Inkeeper Ale (TTL Clone) 2.5 Gallons
4 lbs 1.2 oz British Golden Promise (2.2 SRM)
6.4 oz English Extra Dark Crystal (160.0 SRM)
4.3 oz Corn Sugar (Dextrose) 60 Min boil
0.41 oz Fuggle [4.50 %] - Boil 60.0 min
0.41 oz East Kent Goldings (EKG) [5.00 %] - Boil 45.0 min
0.41 oz Styrian Goldings [5.40 %] - Boil 5.0 min
1.0 pkg West Yorkshire Ale (Wyeast Labs #1469)

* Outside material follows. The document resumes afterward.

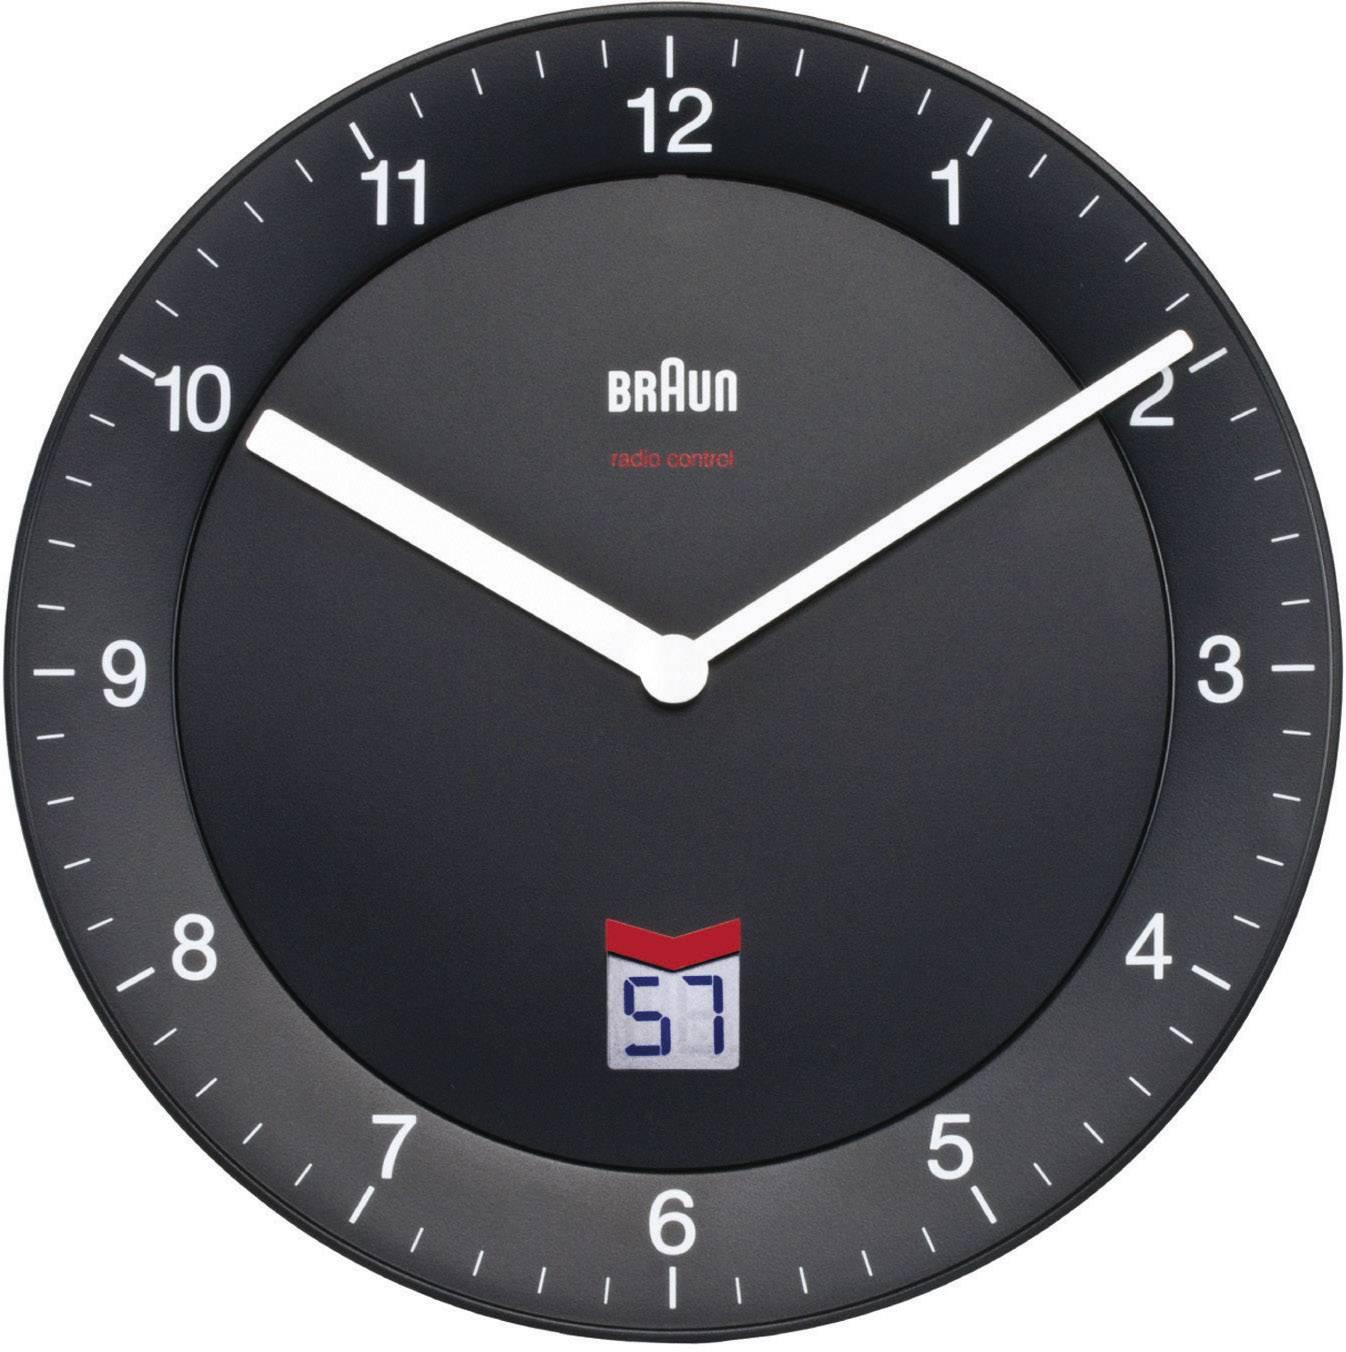 Analógové nástenné DCF hodiny Braun, 20 cm, čierne

Only did a couple pics as I was distracted by the bunk pH strips. Here is the boil.
13413461163_672fca2217.jpg


Love the color of these brews! Simcoe SMaSH (from last week) on the right and Innkeeper Ale on the left. It's a pleasure to open the ferm chamber and see it full for a change. :D
13413343385_a3ef45b616.jpg


Nice active fermentation with no lag. The simple starter and oxygen infusion are making the airlock do some heavy work.
13413461053_f3776df37b.jpg


Cheers :tank:
 
I finished the Innkeeper Ale last night. Everything went nicely 'cept the new pH strips I got are no good. Could not get them to change color at all. Oh well...based on experience I was at least in the ballpark with the mash pH...I think...sorta close...I hope.

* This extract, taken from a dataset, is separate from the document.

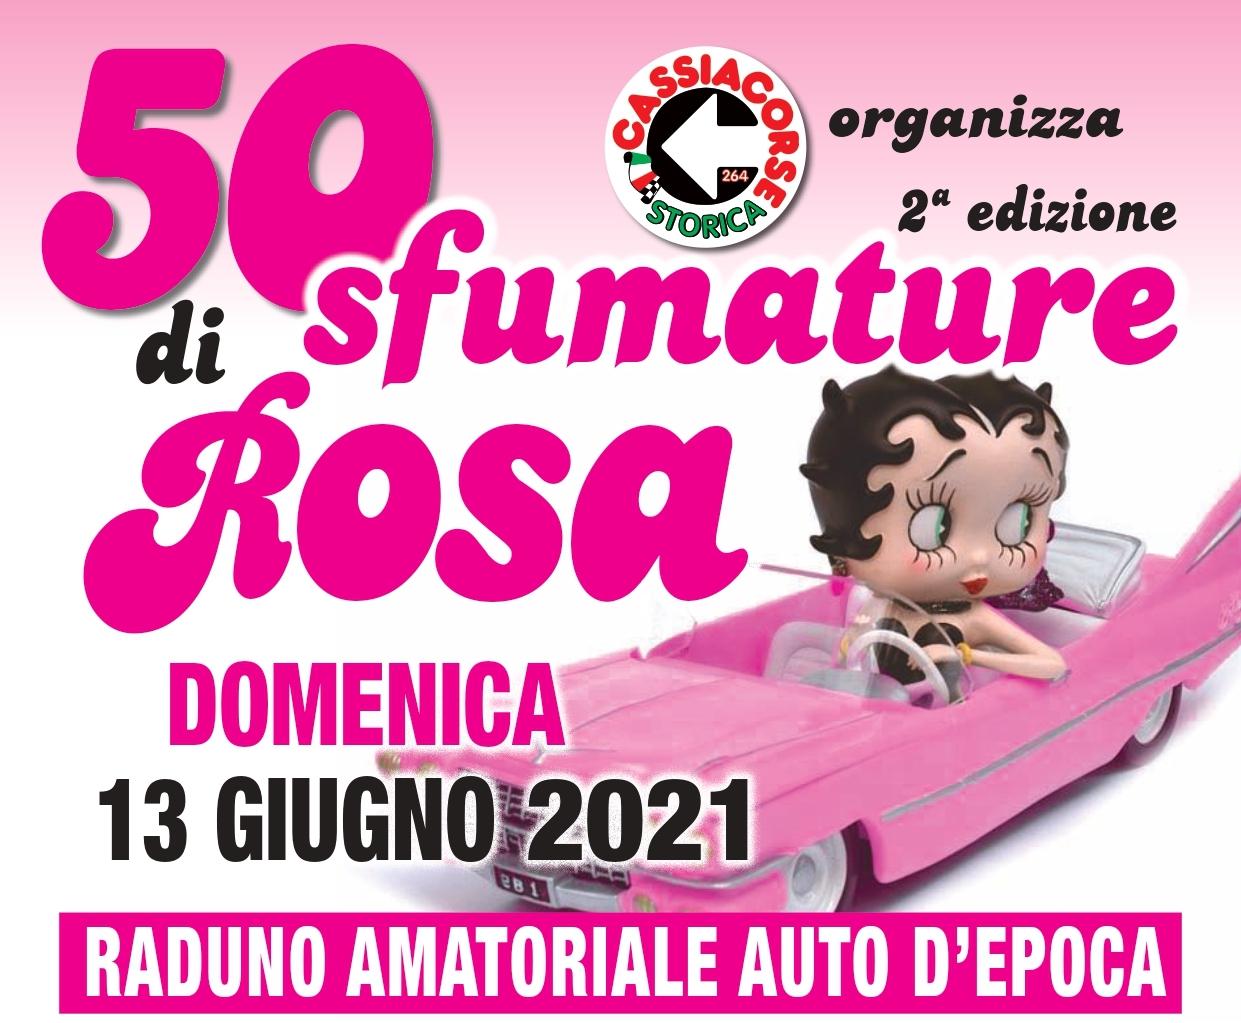 50 sfumature di rosa, appuntamento al 13 giugno

Inkeeper Ale (TTL Clone) 2.5 Gallons
4 lbs 1.2 oz British Golden Promise (2.2 SRM)
6.4 oz English Extra Dark Crystal (160.0 SRM)
4.3 oz Corn Sugar (Dextrose) 60 Min boil
0.41 oz Fuggle [4.50 %] - Boil 60.0 min
0.41 oz East Kent Goldings (EKG) [5.00 %] - Boil 45.0 min
0.41 oz Styrian Goldings [5.40 %] - Boil 5.0 min
1.0 pkg West Yorkshire Ale (Wyeast Labs #1469)

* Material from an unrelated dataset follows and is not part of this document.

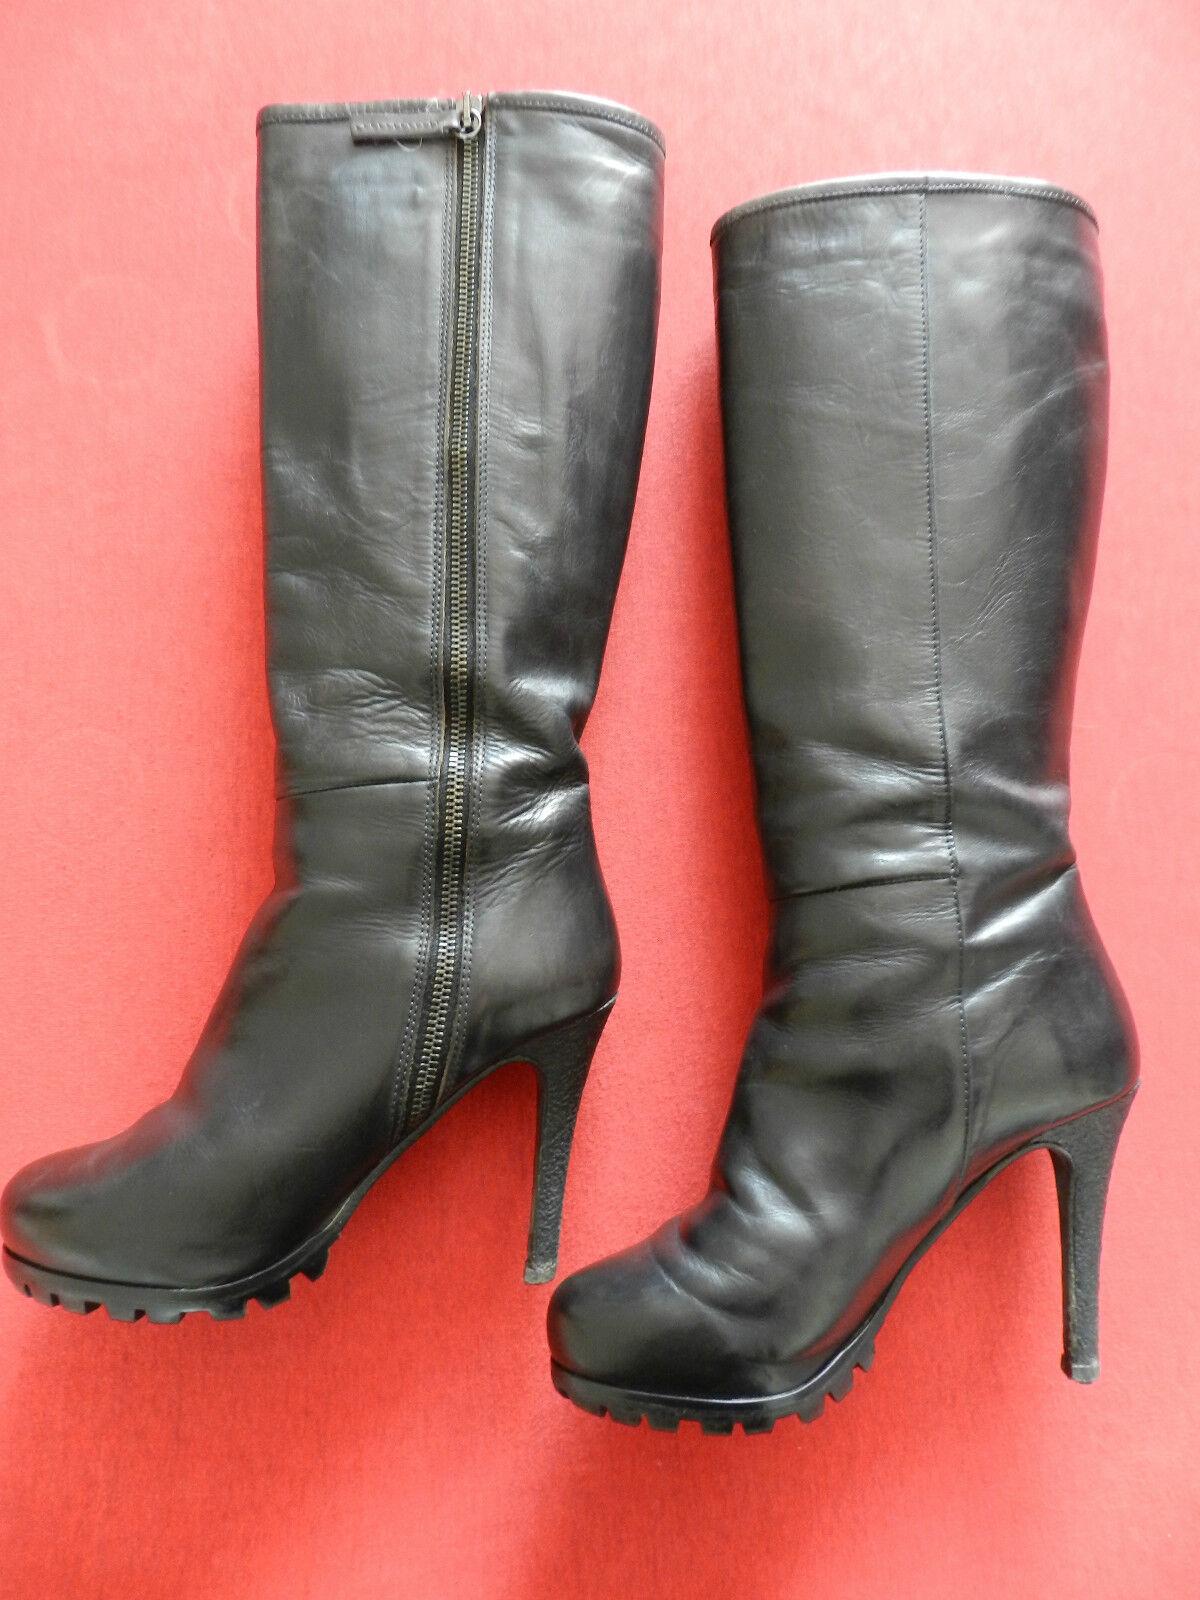 Sexy High Heel  Echt  Leder Stiefel , Gr. 37,5 , von Furla , Absatz 11 cm, OVP

Only did a couple pics as I was distracted by the bunk pH strips. Here is the boil.
13413461163_672fca2217.jpg


Love the color of these brews! Simcoe SMaSH (from last week) on the right and Innkeeper Ale on the left. It's a pleasure to open the ferm chamber and see it full for a change. :D
13413343385_a3ef45b616.jpg


Nice active fermentation with no lag. The simple starter and oxygen infusion are making the airlock do some heavy work.
13413461053_f3776df37b.jpg


Cheers :tank:

What kind of fridge is that? It looks the perfect size for 3g better bottles.
 
Paid him his full due AND sent him home with a few brews. He's an old homebrewer and I think he's got the bug to start brewing again! Said he may go home and dust off the old equipment. :rockin:

Awesome! How cool is that...an electrician that is a homebrewer. Oh the possibilities would be endless.

Have you sparked up your system yet?